Claim 2 is directed to the process of claim 1 with the nucleobase selected from a narrower group, and the reaction is carried out in a solution having a carbohydrate concentration above 20g/100ml and in which the solvent is a high boiling point inert solvent.

Lilly contends this claim is valid over Hertel and Chou in any event because the skilled person would not seek to promote an S_N2 reaction by increasing the concentration of the electrophile. I do not think there is anything in this point. It was accepted by both experts that reducing the amount of solvent will increase the concentration of both the nucleophile and the electrophile and favour the S_N2 pathway. There is therefore nothing in this claim over and above claim 1.

Claims 3 and 14 can be taken together. Claim 14 requires the leaving group to be triflate. Claim 3 is broader and calls for a fluorinated sulfonyloxy leaving group. I am not satisfied these claims were obvious. As Professor Boons explained, these are better leaving groups than mesylate and so more likely to promote an S_N1 reaction. Professor Fleming accepted this was so but did not think it would stop the skilled person from trying. Overall, I again prefer the evidence of Professor Boons. It would have been counter-intuitive to adopt a leaving group which would have been thought to favour the S_N1 pathway.

Claims 8 and 9 require fusion conditions. Fusion as a concept was undoubtedly part of the common general knowledge but, as Professor Boons explained, it was not commonly used in the case of pyrimidines. These have a much a higher melting point than purines and hence the reaction must be conducted at high temperature. This in turn may impact on the yield, just as it did in the case of Hertel. Accordingly, says Lilly, the claims were not obvious. I reject this contention. I am satisfied that all the matters to which Lilly refers were common general knowledge and that the skilled person would have appreciated the high temperature necessary to carry out the reaction might impact on the yield. But claims 8 and 9 are not limited to processes which produce a high yield. They simply require fusion conditions. They add nothing to claim 1.

Scinopharm’s principal case is that the claims are obvious, that is to say it was obvious to seek to obtain enrichment of the β anomer by increasing the concentration of nucleophile. But, Scinopharm continues, if and in so far as Lilly says that the inventive step lies in particular conditions needed to perform an S_N2 reaction, then Lilly has failed to provide the skilled person with sufficient information to enable the invention to be performed across the breadth of the claims. In particular, one of the problems with the Patent is that it does not identify the conditions which will consistently produce β enrichment.
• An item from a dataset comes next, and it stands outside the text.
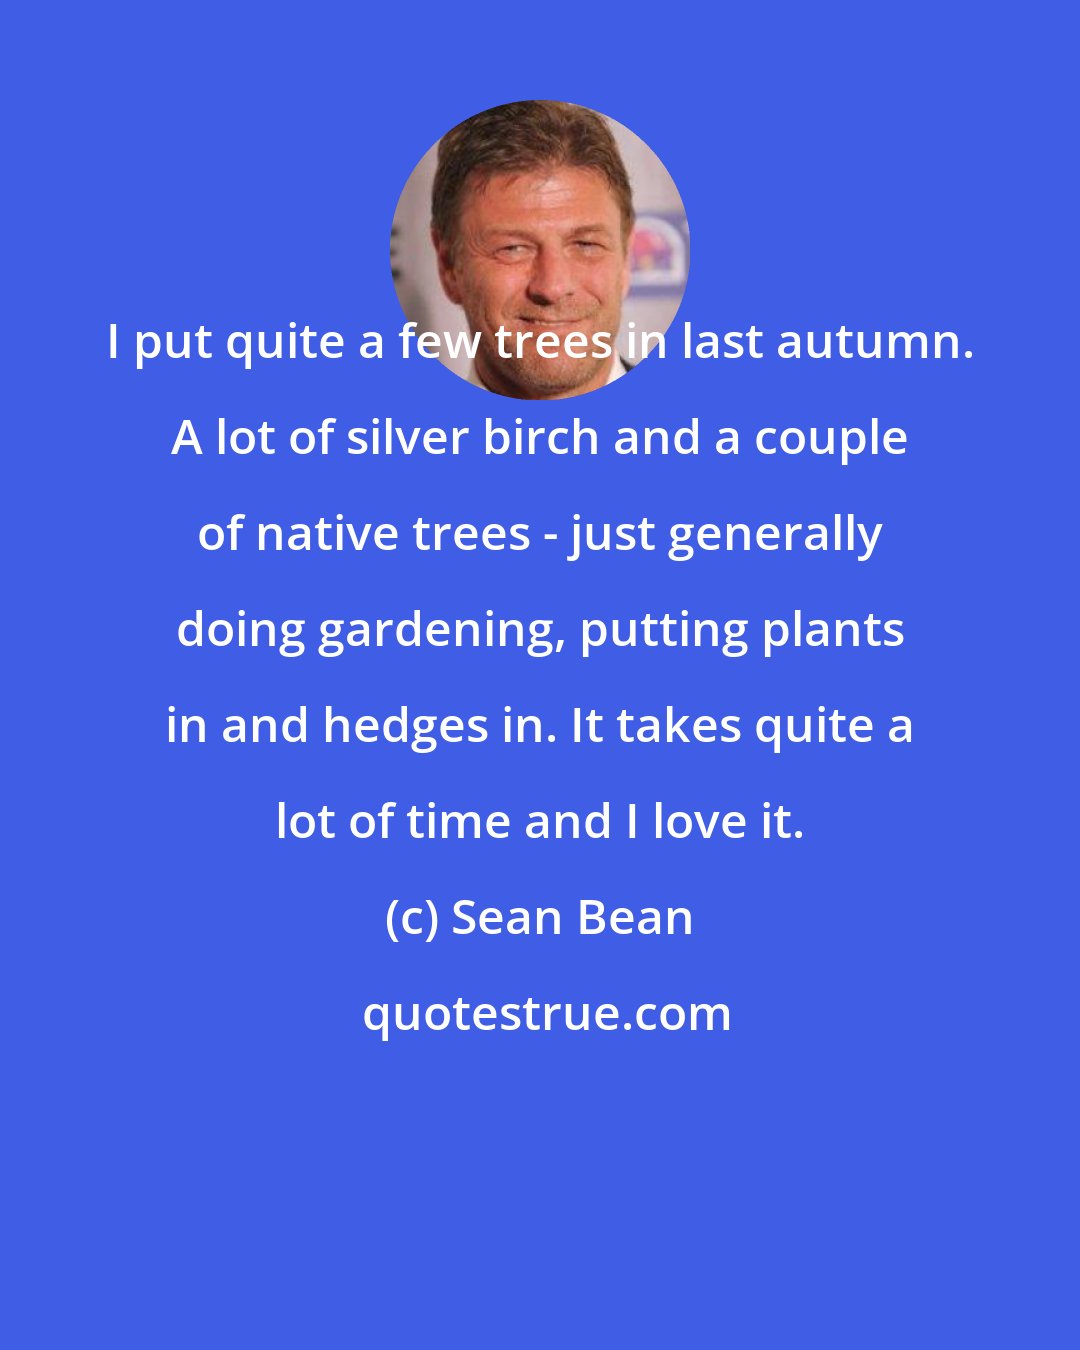 Sean Bean: I put quite a few trees in last autumn. A lot of silver birch and a couple of native trees - just generally doing gardening, putting plants in and hedges in. It takes quite a lot of time and I love it.
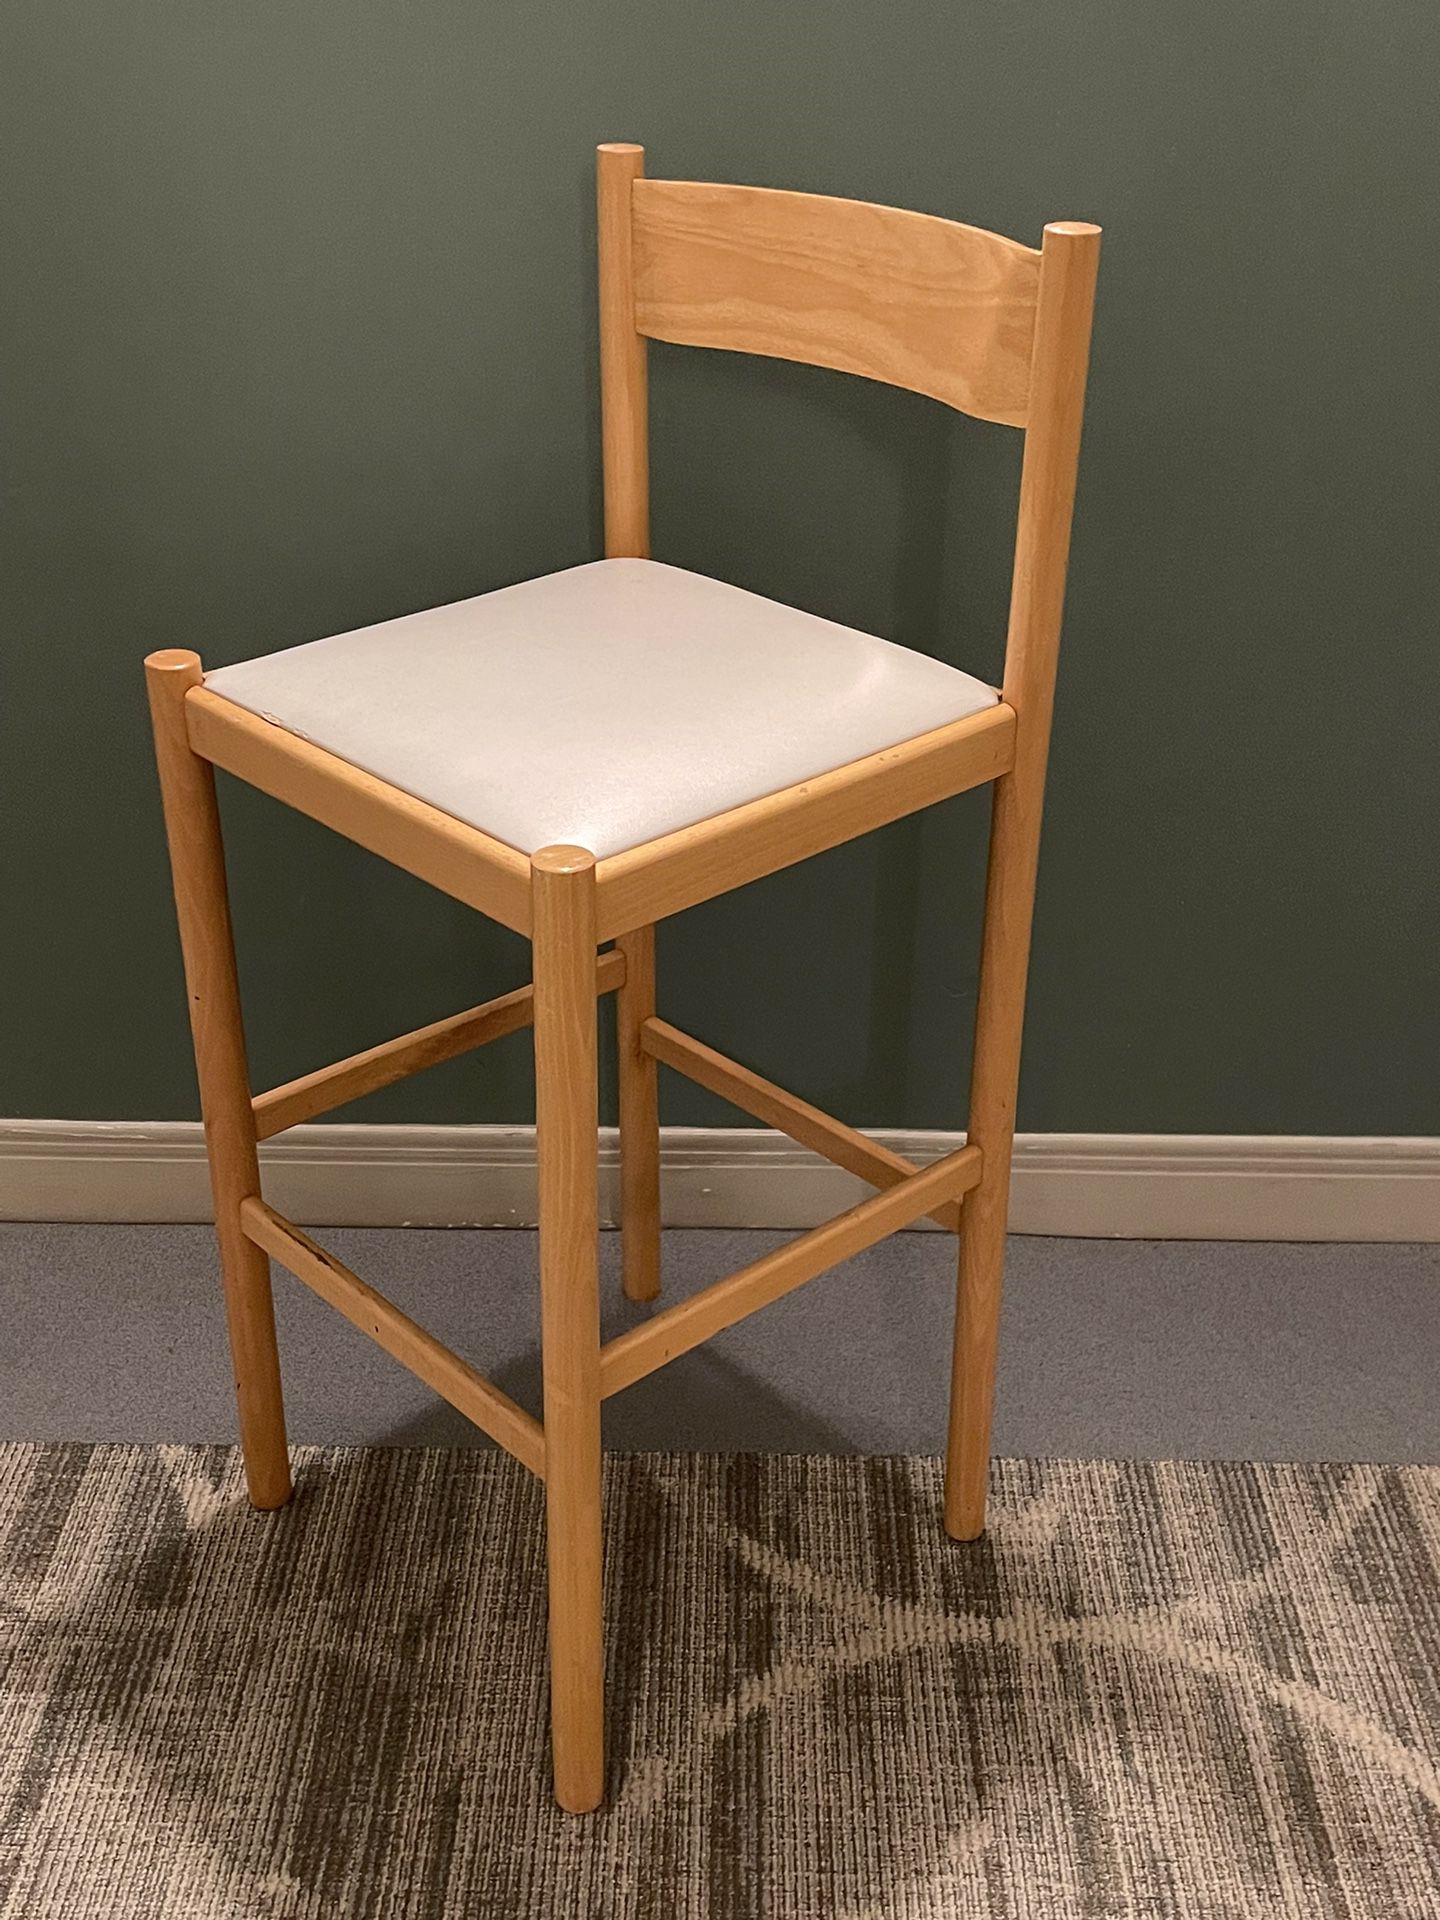 Beautiful, Strong, High STOOL  (39"H floor to top of seat back) - Polished BLONDE WOOD - firm price

I have considered the allegation of obviousness based upon the cited art and rejected it. The invention is the process of claim 1. The inventive step was the discovery that the α anomer enriched mesylates of the claim could be reacted under nucleophilic displacement conditions which favour the S_N2 pathway and hence inversion to provide β anomer enriched nucleosides.

The question then is whether the claim is enabled across its width. Here I have some sympathy with Scinopharm in that the claims certainly do not identify all those process steps which are necessary to achieve that result and, as I have indicated, both sides contend that having at least a molar equivalent of nucleobase is not itself a sufficient condition. However, Professor Boons has explained in his unchallenged evidence that the Patent provides a large number of examples and the skilled person would be able to identify the general conditions which would enable him to work the invention and he would certainly have been able to follow the teaching to produce a β enriched product, and gemcitabine in particular. The allegation of insufficiency therefore fails on the evidence.

The allegations of obviousness and insufficiency have not been made out. The Patent is valid and the action must be dismissed.